The many uses of the HEMP plant include much more than the relaxing euphoric feeling caused by THC. Paper, fuel, rope, plastic, and countless other uses have been identified.
However one of the attribute you may not have heard about is the cannabis plant’s ability to absorb nuclear radiation.
Marijuana was actually used in the cleaning up of Chernobyl, similar to the sunflower plants. Thus for the recent nuclear disaster in Japan, cultivation of marijuana is a viable alternative since this plant absorbs the radiation. It is also viable to other places with regards on the laws of the states and the country that is going to be planted.
The earthquake in Japan and the resulting nuclear power plant disaster at Fukushima has rocked the entire world with the threat and spread of nuclear waste contamination. The unknown amount of different hazardous chemicals has been released into the atmosphere and ocean that threaten our food chain for the long foreseeable future. Marijuana may be one of the alternative keys reducing this damage we all face.
The Daily Alternative Reports:
Many people know that the cannabis plant has amazing healing powers; however the same plant can literally “eat away” nuclear waste. From the flower’s ability to aid and keep people from going blind, to the woody core of the stem’s ability to build fire proof homes and much more. Now, we can add another use to the list: Marijuana as a tool to clean up nuclear contamination around Chernobyl.
Historically in 1998, the Consolidated Growers and Processors (CGP), Phytotech, and the Ukraine’s Institute of Bast Crops planted industrial marijuana to help remove contaminants in the soil near Chernobyl. Marijuana is one of the best plants for a process called phytoremediation that has been mentioned before. It is a term coined by Dr. Ilya Raskin of Rutgers University’s Biotechnology Center for Agriculture and the Environment. Dr. Raskin had been sent to examine food safety at the Chernobyl site.
Phytotech specializes in phytoremediation, the general term for using phyto (plants) to remediate (clean up) polluted sites. Phytoremediation has been used to remove radioactive elements from soil and water at former weapons producing areas. It can also be used to clean up metals, pesticides, solvents, explosives, crude oil, and toxins leaching from landfills. Plants break down or degrade organic pollutants and stabilize metal contaminants by acting as filters or traps. The U.S. Environmental Protection Agency (EPA) has estimated that more than 30,000 sites in the United States alone require hazardous waste treatment. Since nowadays there are so many pollutants and nuclear radiations everywhere on the entire earth and sea we might expect there are many more locations almost everywhere.

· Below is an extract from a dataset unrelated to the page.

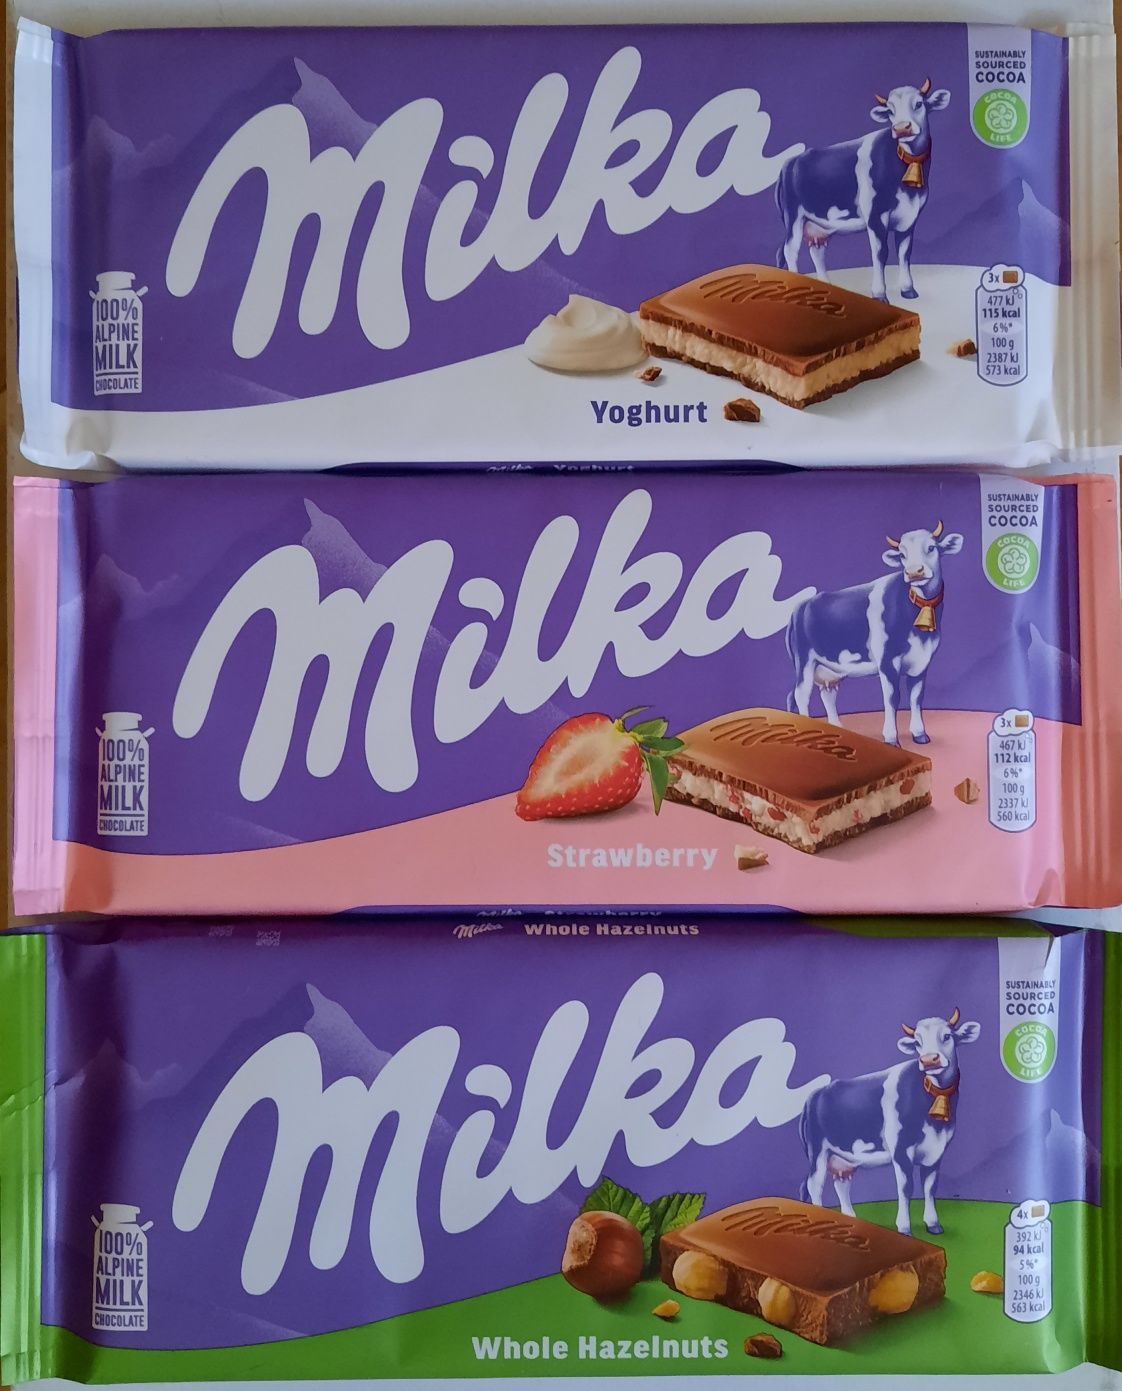 Шоколад Schogetten, Fin carre, Ritter Sport, Milka
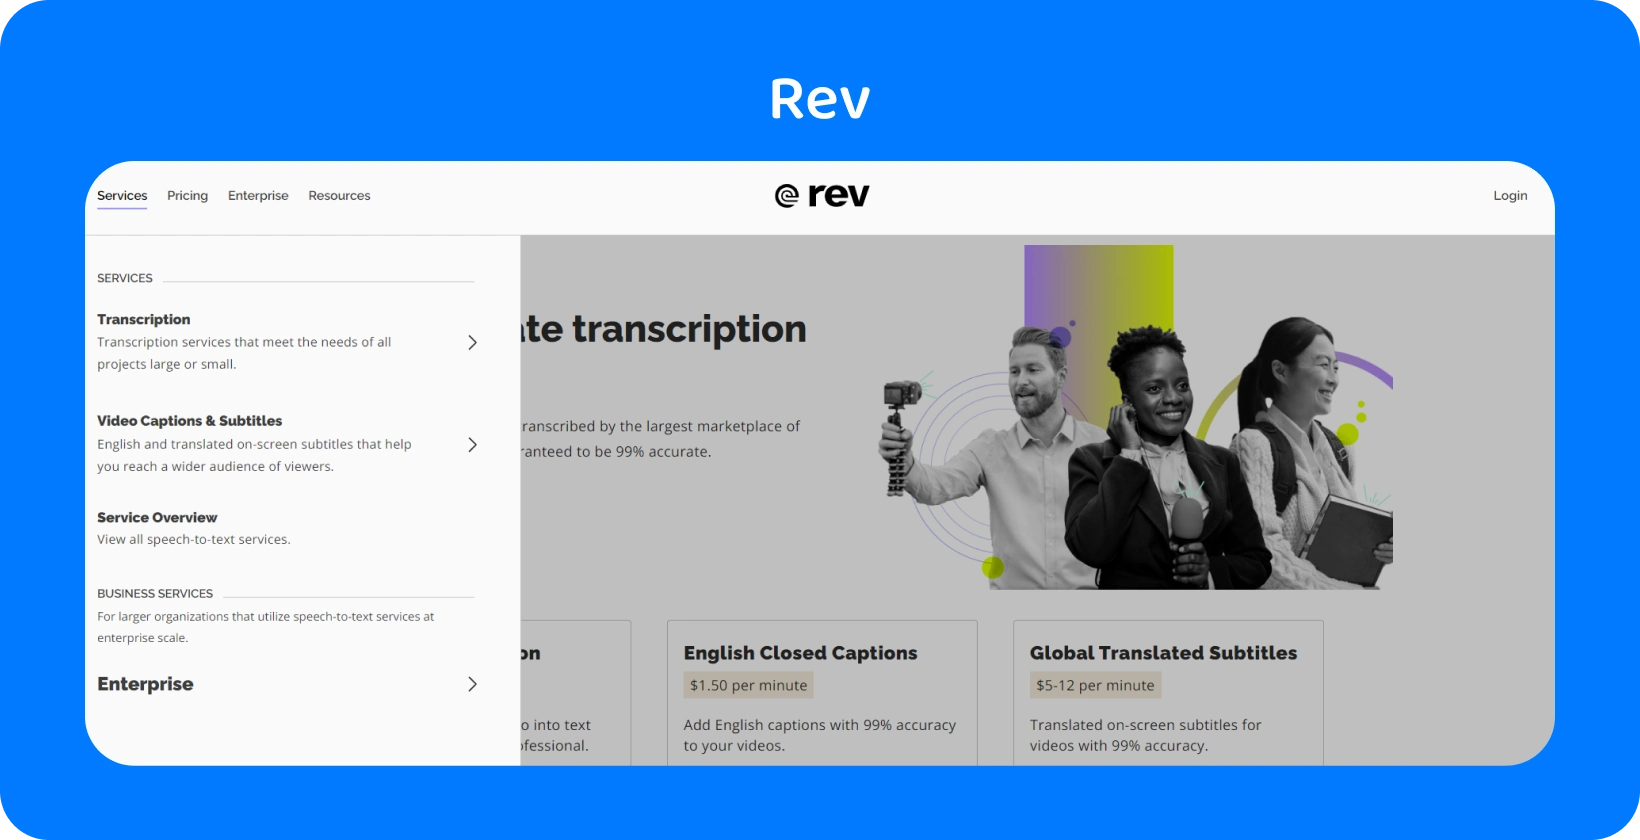 Rev mājas lapā tiek demonstrēti transkripcijas pakalpojumi ātrai un precīzai audio pārvēršanai tekstā profesionāļiem.

Founded in 1931, the Institute of Bast Crops is now the leading research institution in the Ukraine, working on seed breeding, seed growing, cultivating, harvesting and processing hemp (marijuana) and flax. The Bast Institute has a genetic bank that includes 400 varieties of hemp from various regions of the world. Newer technologies in hemp harvesting and processing are also being developed at the institute whose library contains more than 55,000 volumes mainly on hemp growing and flax growing. “Hemp is proving to be one of the best phyto-remediative plants we have been able to find,” said Slavik Dushenkov, a research scientist with Phytotech.
The company Phytotech lists the benefits of phytoremediation (compared to traditional remedial technologies):
Lower cost
Applicability to a broad range of metals
Potential for recycling the metal-rich biomass
Minimal environmental disturbance
Minimization of secondary air and waterborne wastes
Nobody knows how far the extension of the contamination from the nuclear power plant disaster at Fukushima because the tsunami and wind bring together the radioactivity almost everywhere on earth.Thus it is hard to think about the tons of nuclear contaminated water getting pumped into our mutually shared ocean and how it is going to broadly effect a great deal of our ecosystems.
Growing cannabis can improve the soil when it grown as a break crop i.e. to relieve and revitalize the soil between crops. Farmers are getting a 27% increased yield after the marijuana crop because industrial marijuana puts nitrogen back into the soil, suppress weeds and diseases, and clean contaminates out of the planet, then you would realize this plant is medicine for our Mother Earth.